The United Nations Human Rights Committee has urged the United States to immediately release Abu Zubaydah, a prisoner at Guantánamo Bay and the first detainee sank by the CIA after the September 11, 2001, attacks.
the United Nations Working Group on Arbitrary Detention He also said that after examining other cases in Guantánamo over the past 15 years, he had seen a pattern that could “constitute crimes against humanity”.
The prisoner, whose real name is Zain al-Abidin Muhammad Hussain, was arrested in a raid in Pakistan in 2002 and has been held at the US naval base in Cuba without charge since 2006.
The United States has argued that the basis for his indefinite detention in the war on terror is that although he was not a member of al-Qaeda, he helped jihadists get to Afghanistan for training before the September 11 attacks.
The commission, which has no enforcement mechanism, also found that Abu Zubaydah was denied a meaningful review of his arrest and was thus unlawfully detained. “The appropriate remedy is to release Mr.
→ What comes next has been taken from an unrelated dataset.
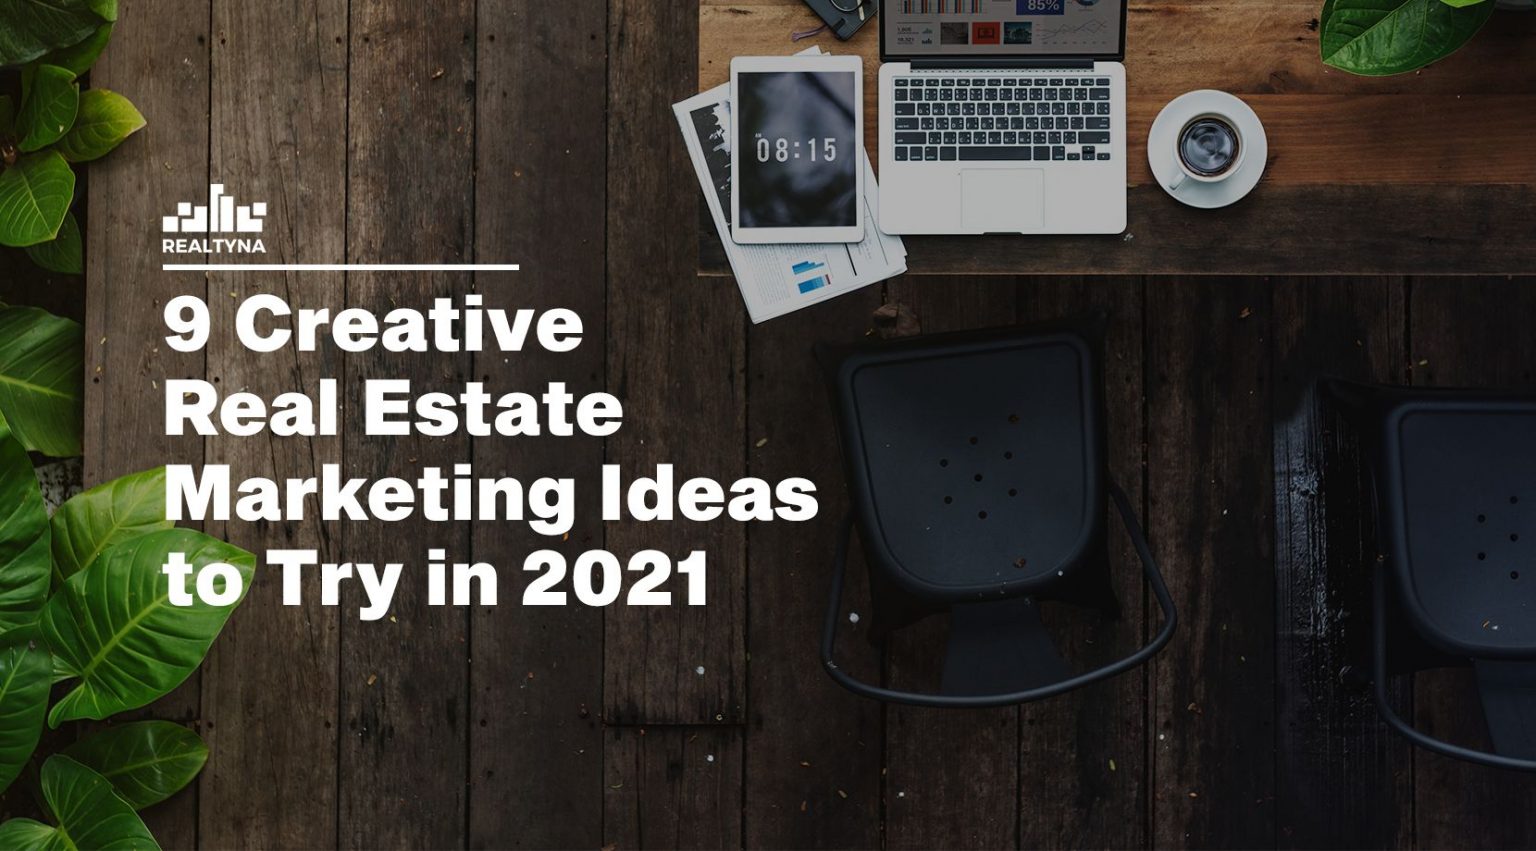 9 Creative Real Estate Marketing Ideas to Try in 2021

Zubaida immediately and grant him an enforceable right to compensation and other reparations, in accordance with international law.” The group said in an opinion.
He was the first prisoner of the CIA’s “black site,” a global network of secret prisons overseas that held more than 100 men beyond the reach of US law and the International Committee of the Red Cross from 2002 to 2006.
Two CIA contract psychologists devised a torture program of “enhanced interrogation techniques,” specifically for use in an agency prison in Thailand, where he was waterboarded, deprived of sleep, and confined in a coffin-like box.
In 2019, Abu Zubaydah drew sketches of how he was tortured. His lawyers made the charges public, and the detective’s face etched behind a black box.
The report criticized five other countries in which the United States detained Abu Zubaydah, Afghanistan, Thailand, Poland, Morocco and Lithuania. In 2018, the European Court of Human Rights criticized Lithuania and Romania for their complicity in the CIA program.
The UN also denounced the “complicity” of Britain, whose intelligence agencies asked American interrogators to interrogate the prisoner in black sites despite knowing of his “severe mistreatment”.
It is the latest in a series of condemnations of the US issued since the UN group, based in Geneva, adopted the 19-page opinion in November. The document was made public on Friday.
Other UN human rights investigations have sharply criticized US military prison wartime healthcare and policy It is considered a detainee’s artwork It is owned by the US government.
Abu Zubaydah’s attorney, Lt. Col. Chantelle M. Higgins, of the US Marine Corps, said the conviction should provide “greater incentive for the United States to find a place for him to go and release him.”
Although Abu Zubaydah was born in Saudi Arabia, he is a Palestinian with no nearby country to take him in.
Helen Duffy, the international human rights lawyer who brought his case to the United Nations body, said on Monday that Abu Zubaydah “has a well-founded fear of further abuse if he is sent to Saudi Arabia, and we hope to reach out to the United States and other countries on alternative resettlement sites.” .
Colonel Higgins suggested that Qatar might be a suitable location, noting that the country “has been generous and successful in receiving foreigners held at Guantanamo.”